━━ Data for analysis ━━
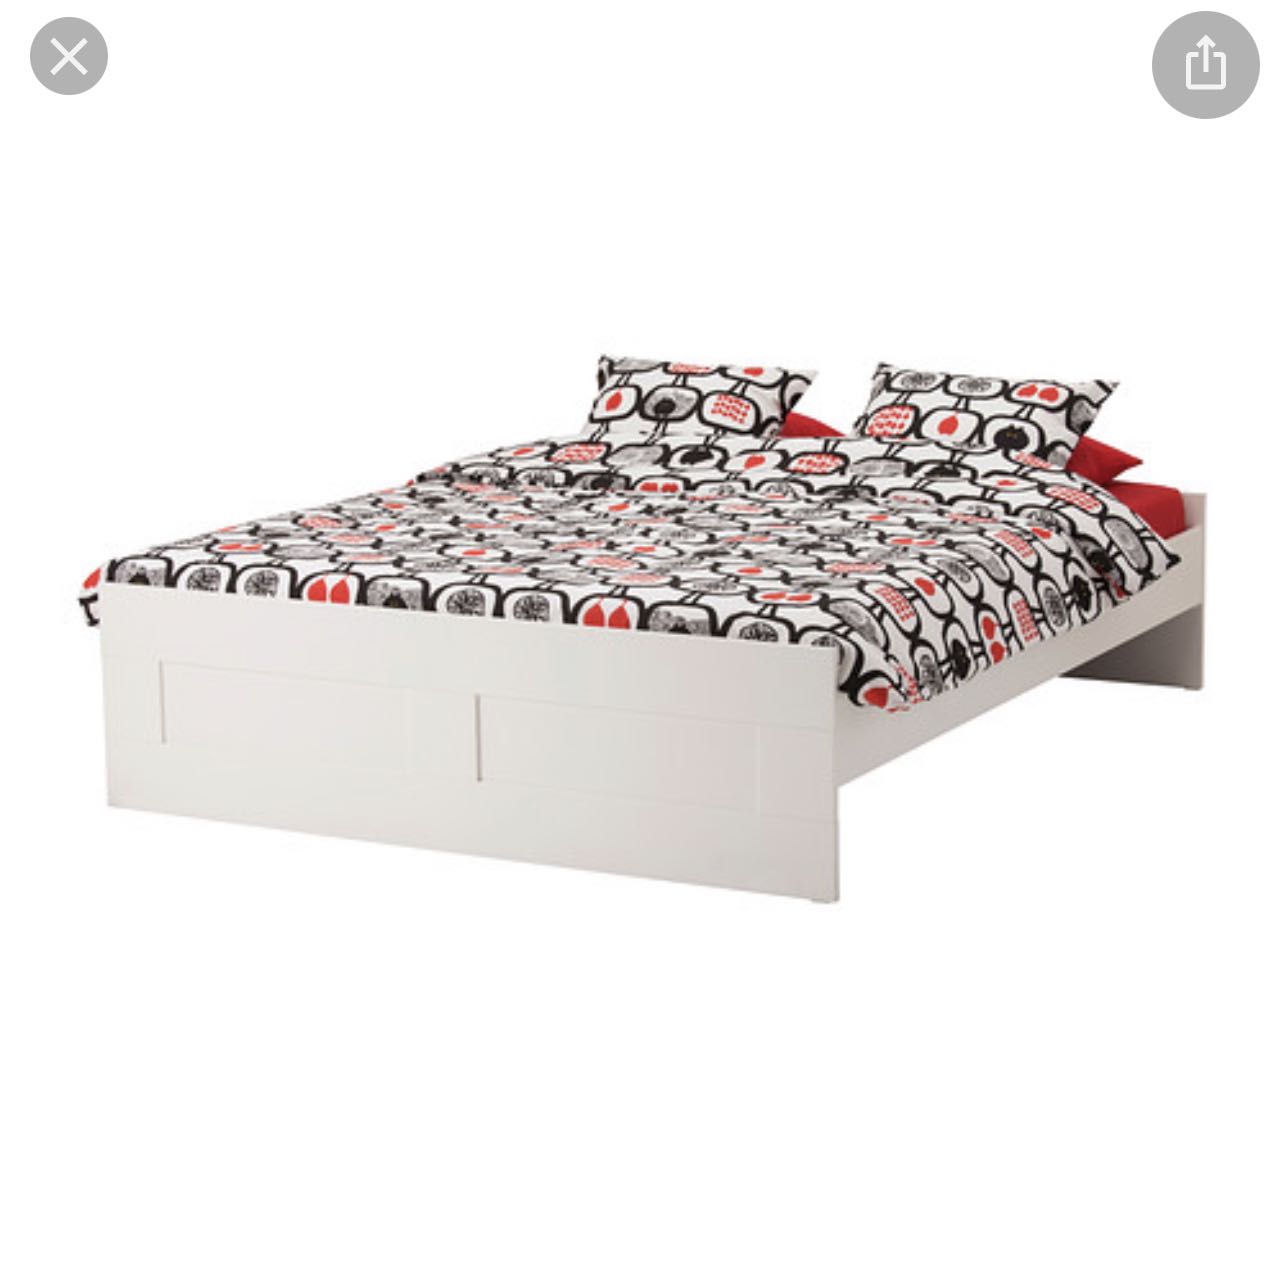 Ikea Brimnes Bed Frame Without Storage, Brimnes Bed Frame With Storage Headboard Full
━━━
━━ Data for analysis ━━
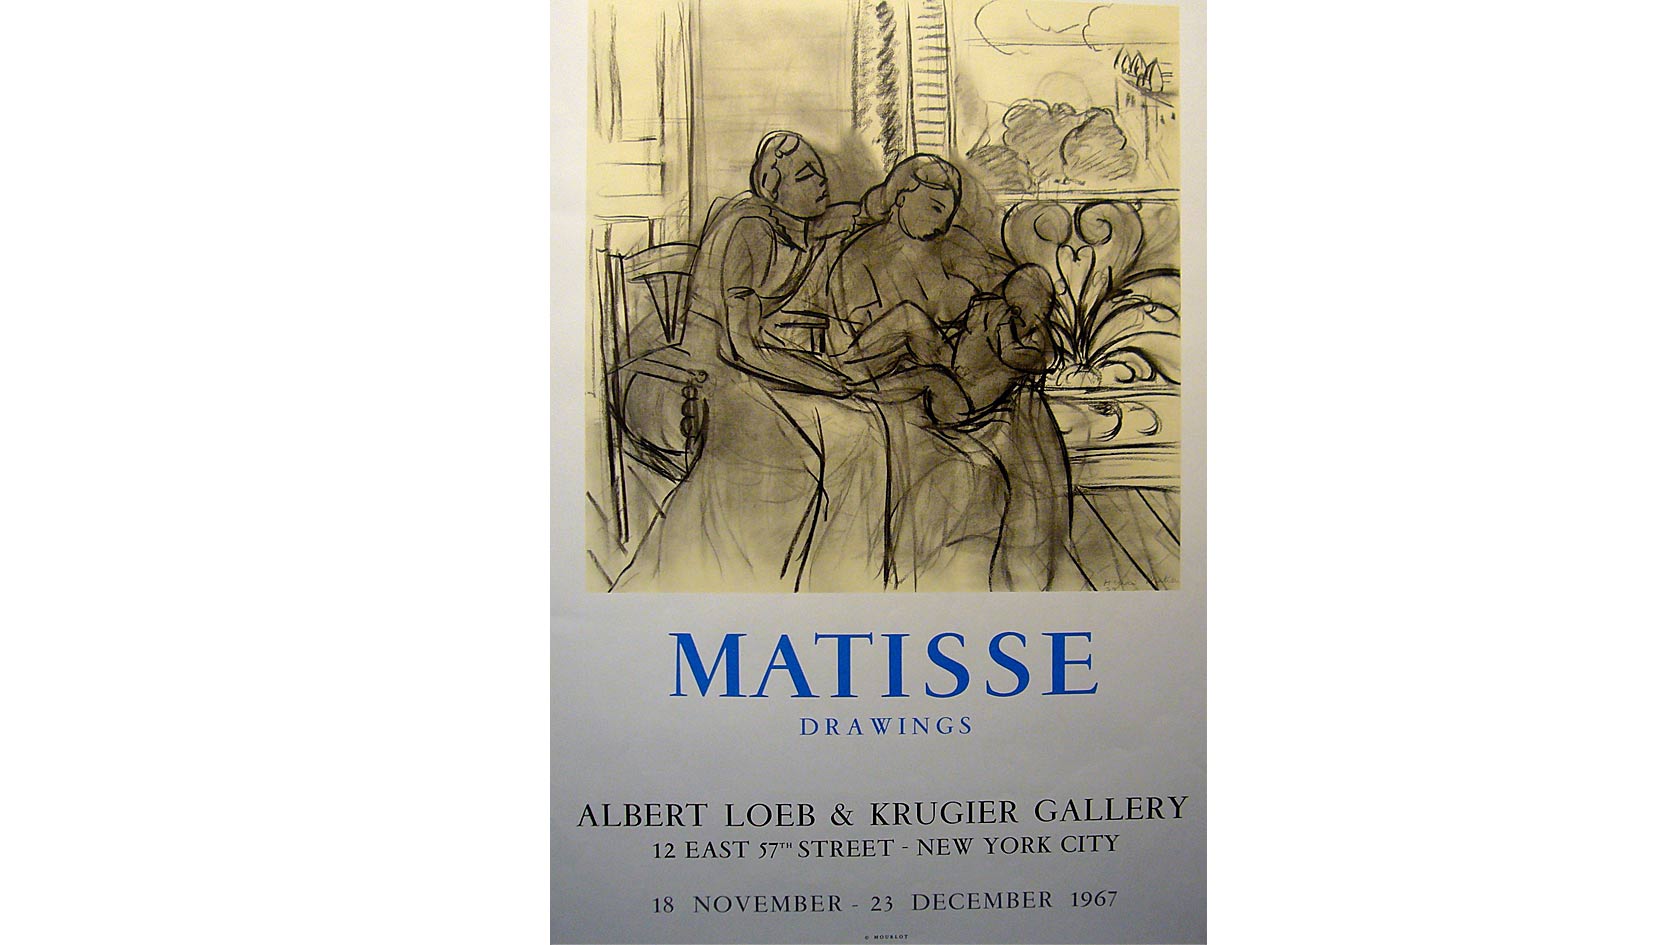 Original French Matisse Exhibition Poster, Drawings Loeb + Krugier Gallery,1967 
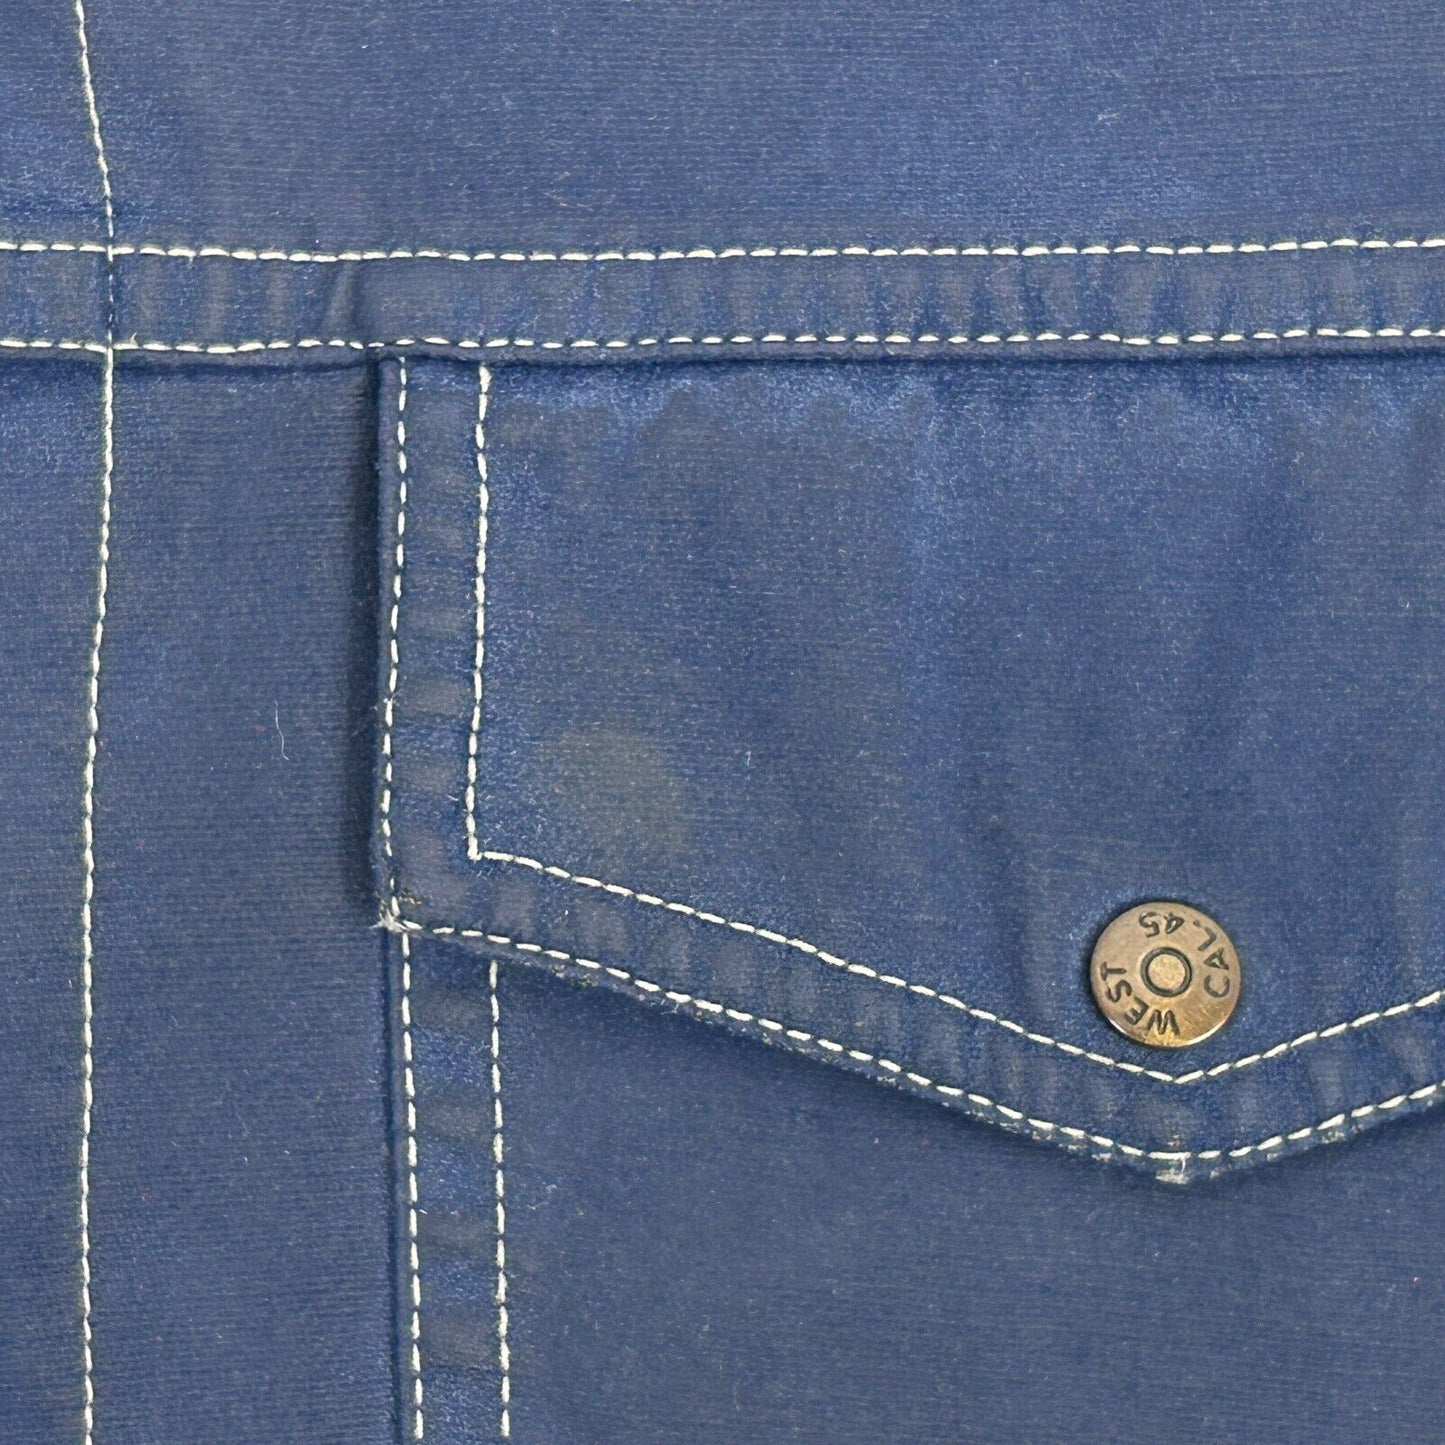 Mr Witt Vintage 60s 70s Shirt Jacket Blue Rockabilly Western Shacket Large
━━━
━━ Data for analysis ━━
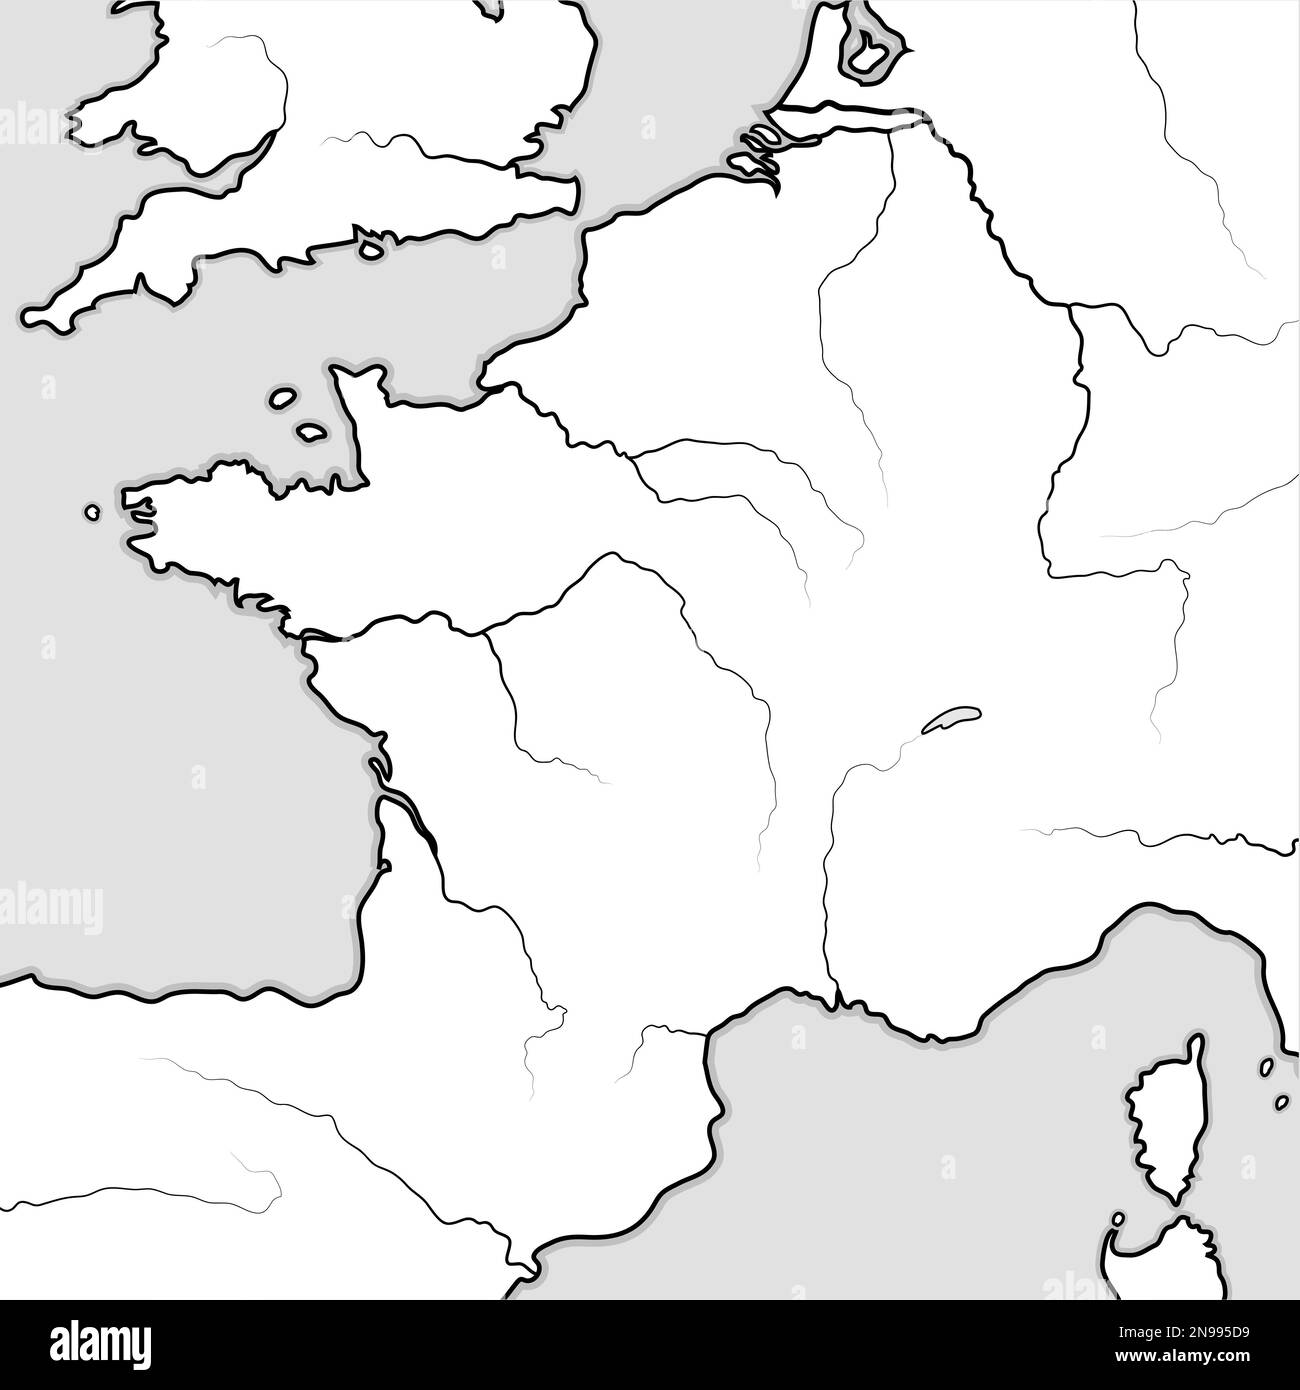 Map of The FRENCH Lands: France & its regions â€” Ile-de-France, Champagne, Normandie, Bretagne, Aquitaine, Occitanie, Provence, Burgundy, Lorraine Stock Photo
━━━
# Problem details:
In the entries above, every line from the line with "Original French Matisse" to the line with "Mr Witt Vintage" is to be printed exactly, with both ends included and pictures excluded.

# Answer to the exercise:
 Original French Matisse Exhibition Poster, Drawings Loeb + Krugier Gallery,1967 
 Mr Witt Vintage 60s 70s Shirt Jacket Blue Rockabilly Western Shacket Large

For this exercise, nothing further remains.